Very cool Bruce. Yeah, that would be the way to go if you allowed peak output is limited (by the State in my case).

tyab, looks like you made some great progress over the weekend!

I spoke to J.T. at Ironridge today, he added the SunMAX panels to their online configurator and I'm working with Renvu on a quote. So 54 panels will go on the shop roof and the remaining 24 will be ground mount, split into 2 sections given my East West elevation change.

FedEx freight called this afternoon, they will be bringing my system out on Wednesday. 4 skids in all.

Sounds like you are moving right along. So far I have no issues with the IronRidge system. For the pipe - just source it locally. IronRidge talks about the option of using mechanical tubing but I just went with standard schedule 40 pipe since it was easy to get. I should have rails up later this week so I'll get some good closeups of those parts and how I am attaching the AC combiner boxes.
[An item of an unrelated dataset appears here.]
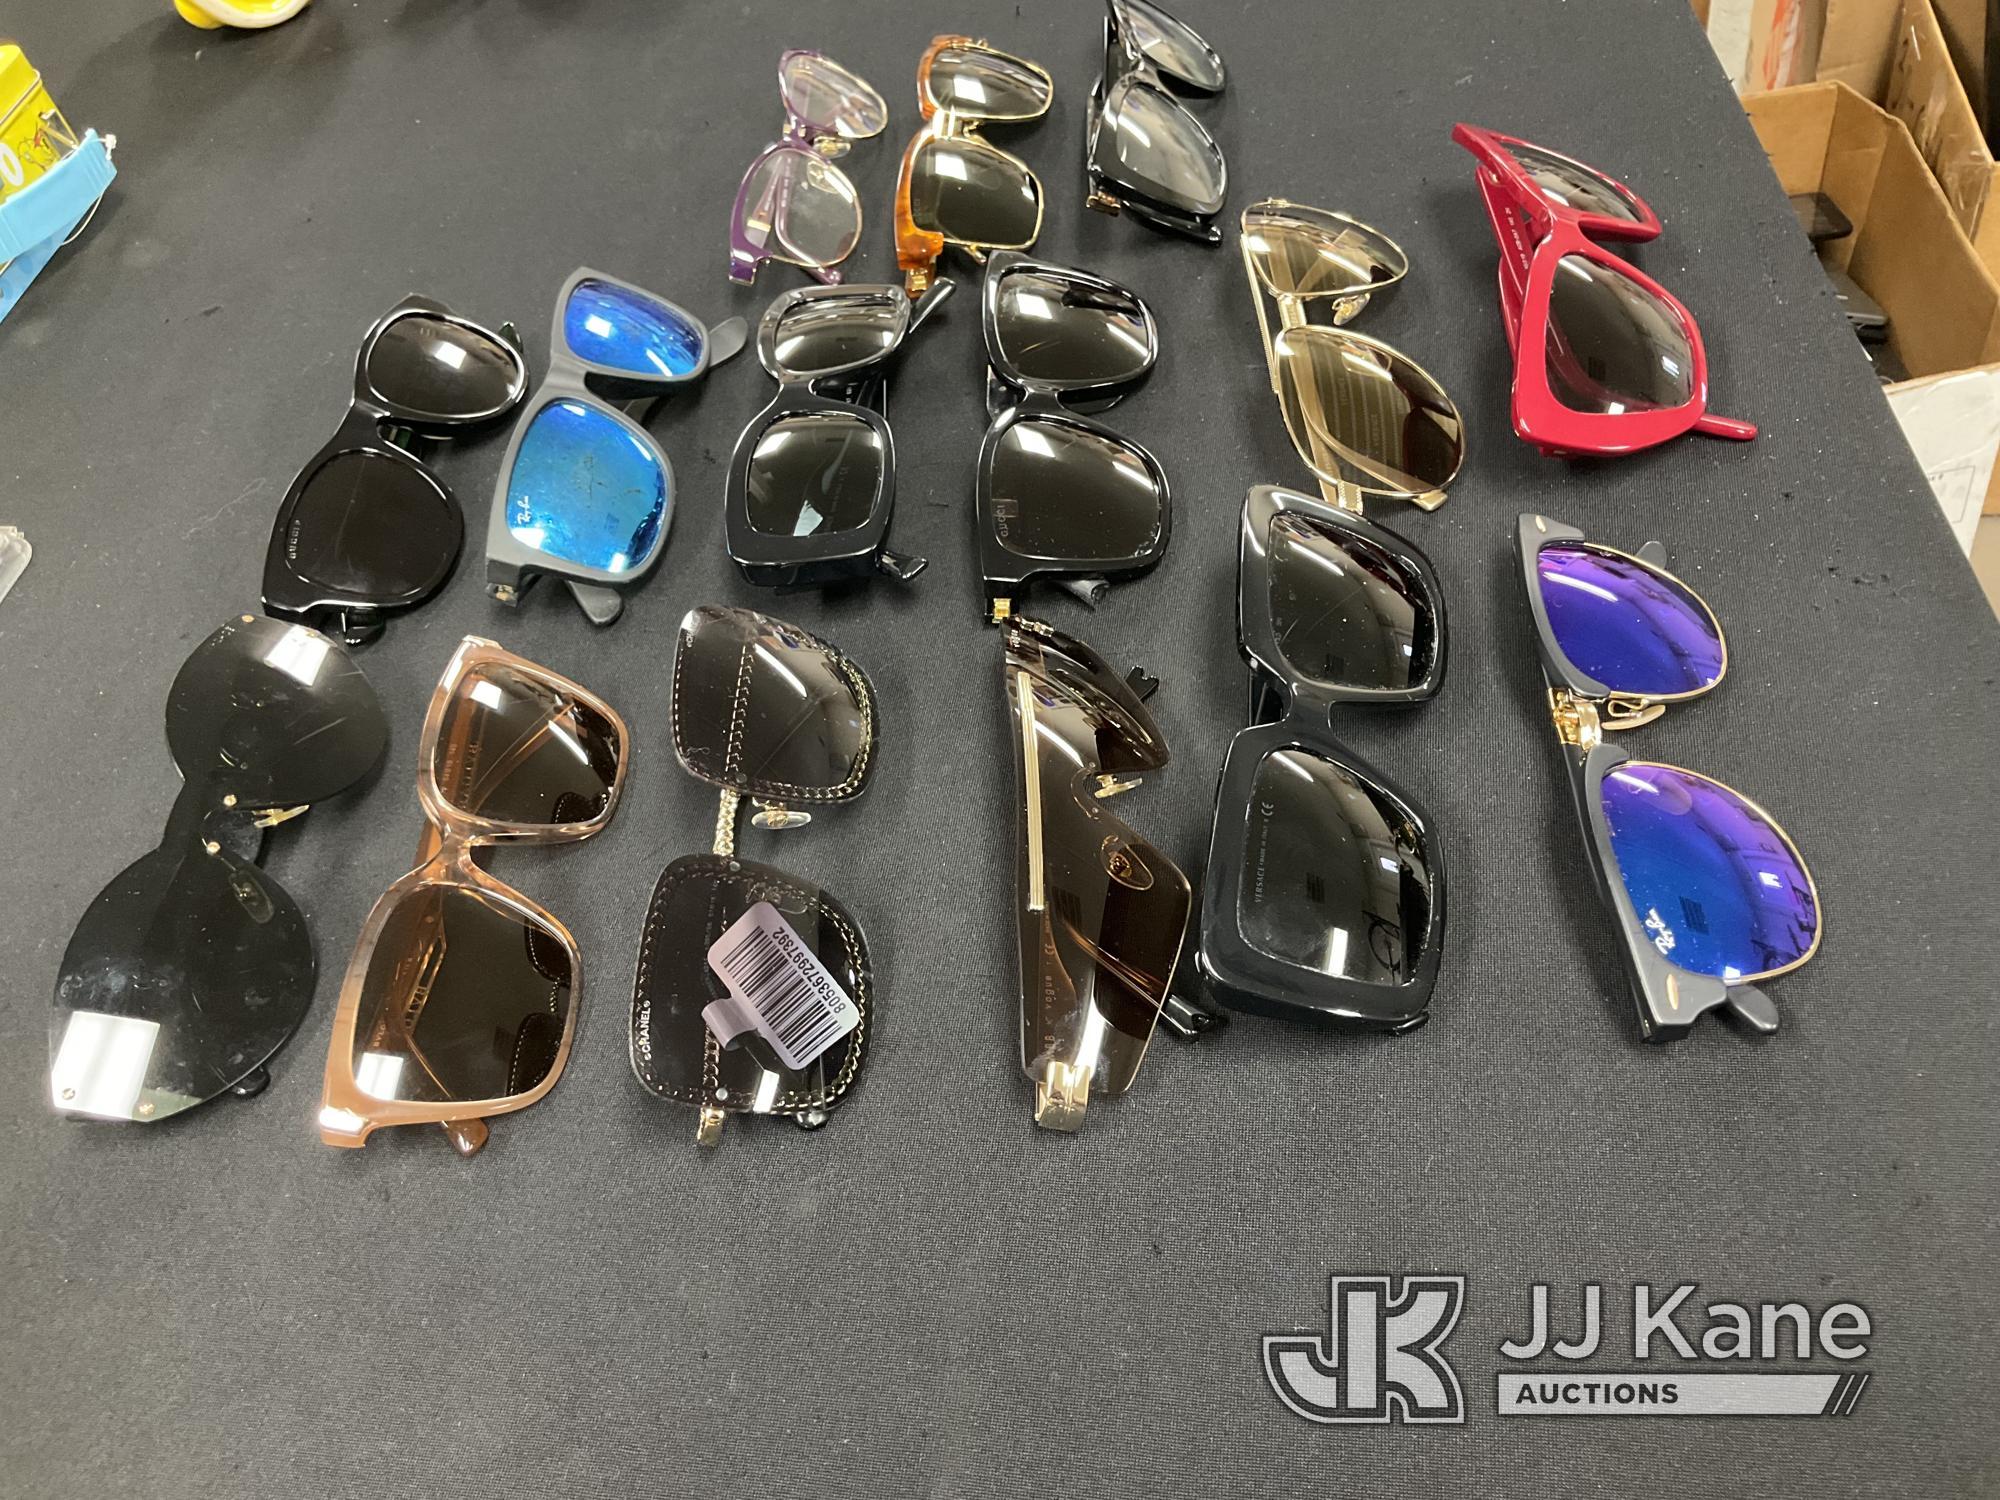 (Jurupa Valley, CA) Sunglasses Used

One thing I forgot to mention on the blog was I used some aluminum anti-oxide on the inside walls of those caps where there would be contact with the pipe but that cap looks like it already has some sort of coating on it for oxide prevention.

Definitely keep us posted on how the IronRidge works out. My panels, microinverters and mounting hardware showed up today. Took up an entire bay in my shop!

Nice photos - my garage has looked like that all summer (ordered the stuff way too early).

Hey - I saw in your design that you are using 1/2" PVC on roof and 1" PVC down. PVC on roof gets hot and that 1/2" can really sag, make sure you are familiar with NEC article 352 and in particular 352.44. Short version, for most areas of the country, once you have an exposed outside run of PVC near/over 6' you need to think about expansion joints. Originally I was planning on PVC above ground but switched to EMT partily to avoid those expansion issues. Also for those conductors in the conduit don't forget to review the wire adjustment factors in 310.15(B)(3)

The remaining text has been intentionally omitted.